Analysing correlated traits, continued…
This requires the user to enter trait correlation (using a tetrachoric correlation technique) and LD matrices.
# default assumption, presented for clarity:
sample.overlap <- matrix(1, dim(betas)[2], dim(betas)[2])
Variant specific priors
traits <- paste0("T", 1:dim(betas)[2])
ptm <- proc.time()
res <- hyprcoloc(betas, ses,
trait.names = traits, snp.id = rsid, trait.cor = trait.cor,
ld.matrix = ld.matrix, sample.overlap = sample.overlap, uniform.priors = FALSE
)
time.corr <- proc.time() - ptm
res
#>
#> Call:
#> hyprcoloc
#>
#> Results:
#> iteration traits posterior_prob regional_prob candidate_snp
#> 1 1 T1, T2, T3, T4, T5 1.0000 1 rs11591147
#> 2 2 T6, T7, T8 0.8257 1 rs12117612
#> 3 3 T9, T10 0.8944 1 rs7524677
#> posterior_explained_by_snp dropped_trait
#> 1 1.0000 NA
#> 2 0.3535 NA
#> 3 0.0696 NA
Conditionally uniform priors
res <- hyprcoloc(betas, ses,
trait.names = traits, snp.id = rsid, trait.cor = trait.cor,
ld.matrix = ld.matrix, sample.overlap = sample.overlap, uniform.priors = TRUE
)
res
#>
#> Call:
#> hyprcoloc
#>
#> Results:
#> iteration traits posterior_prob regional_prob candidate_snp
#> 1 1 T1, T2, T3, T4, T5 1.0000 1 rs11591147
#> 2 2 T6, T7, T8 0.9744 1 rs12117612
#> 3 3 T9, T10 0.9782 1 rs7524677
#> posterior_explained_by_snp dropped_trait
#> 1 1.0000 NA
#> 2 0.3535 NA
#> 3 0.0696 NA
Assuming independence (which correctly captures the data generating model)

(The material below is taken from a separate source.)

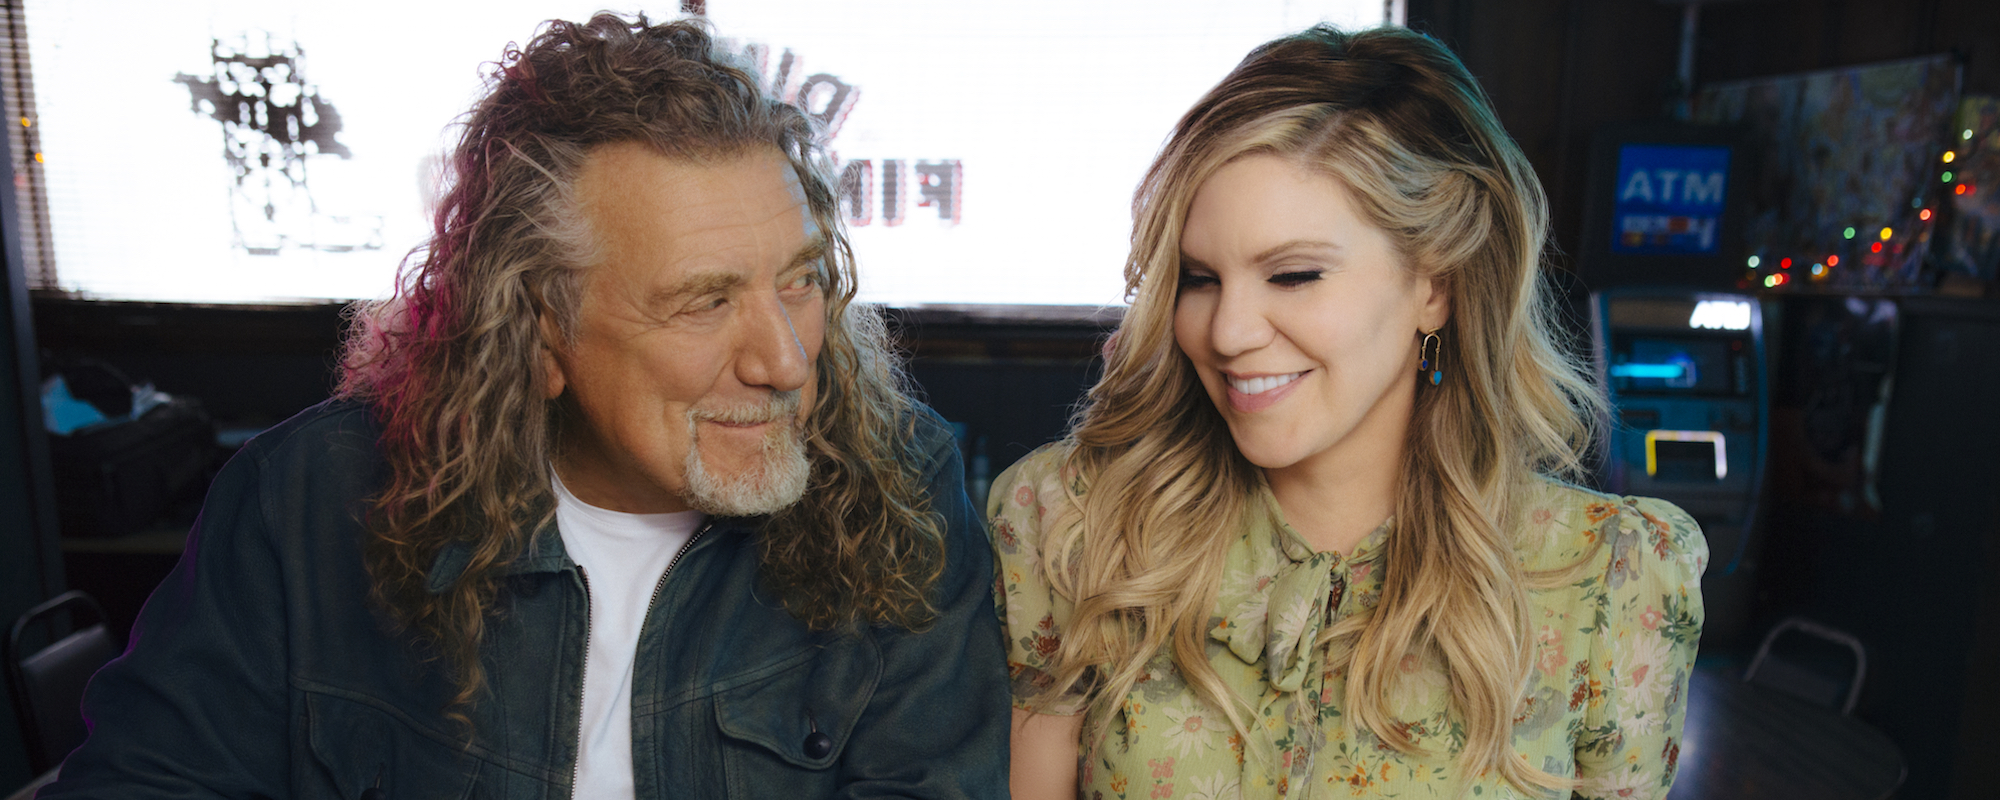 Robert Plant and Alison Krauss Perform “Can’t Let Go” on ‘The Kelly Clarkson Show’
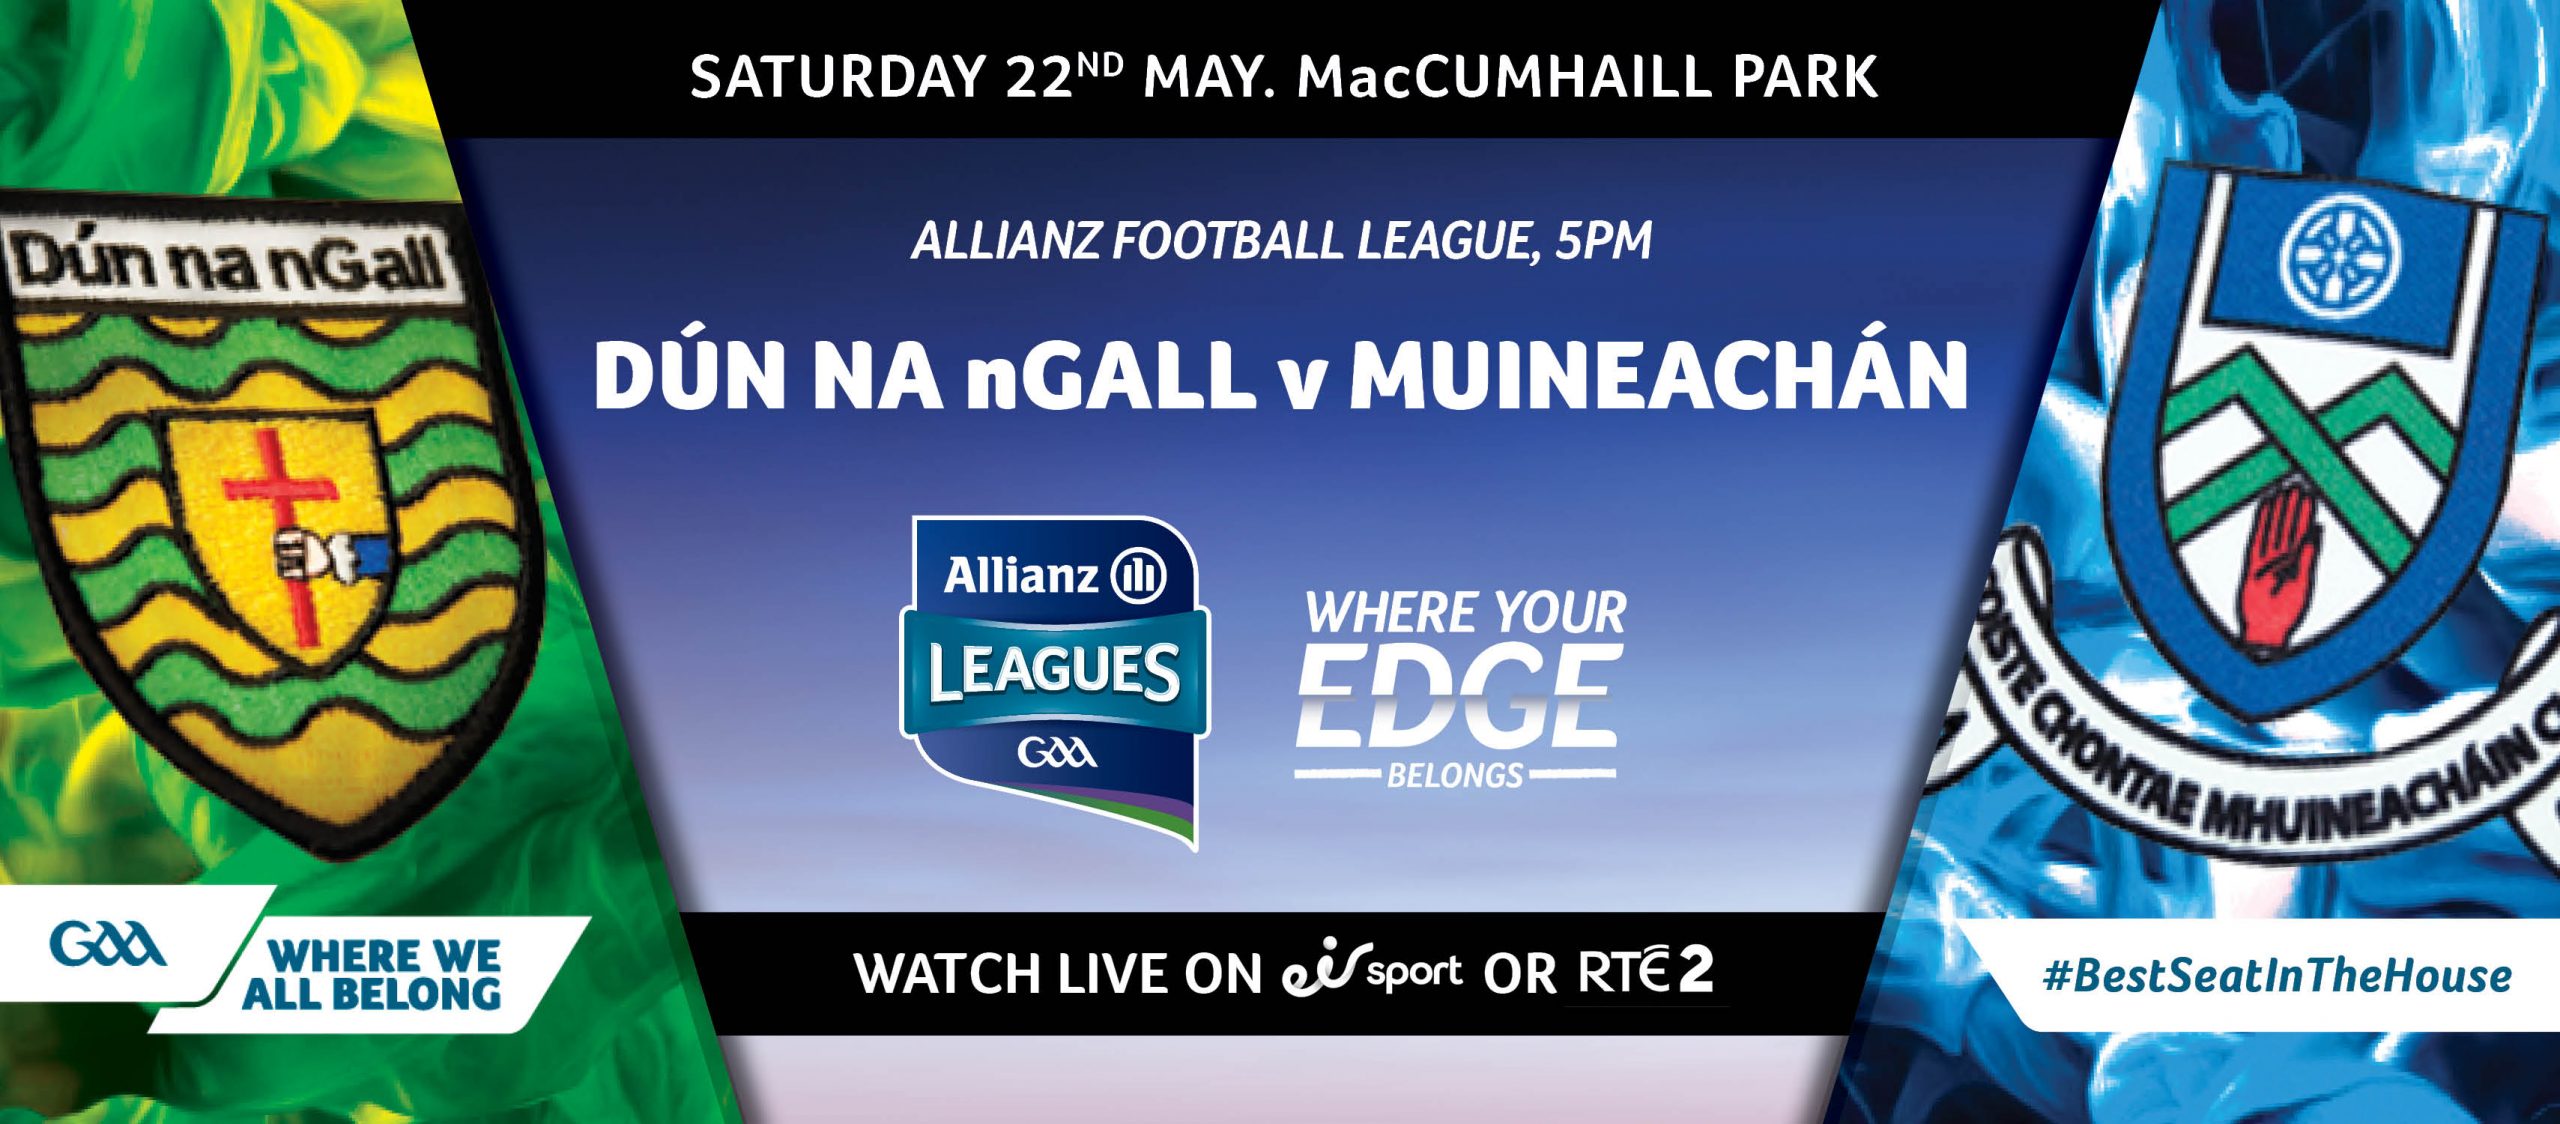 Good Luck to the Monaghan GAA Senior Football Team and Management today

Recall that when we incorrectly assumed that the traits were measured in studies with no overlapping participants, we correctly detected that traits 1-5; traits 6-8 and traits 9-10 form three clusters of colocalized traits and moreover we identified this at a fraction of the computational cost of accounting for correlations between summary data
ptm <- proc.time()
res <- hyprcoloc(betas, ses, trait.names = traits, snp.id = rsid)
time.ind <- proc.time() - ptm
time.ind
#> user system elapsed
#> 0.03 0.02 0.05
time.corr
#> user system elapsed
#> 80.97 0.72 85.22
Thus, assuming independence between the studies not only correctly identifies the three clusters of colocalized traits, but does so around 3500 times faster than accounting for non-indepdence.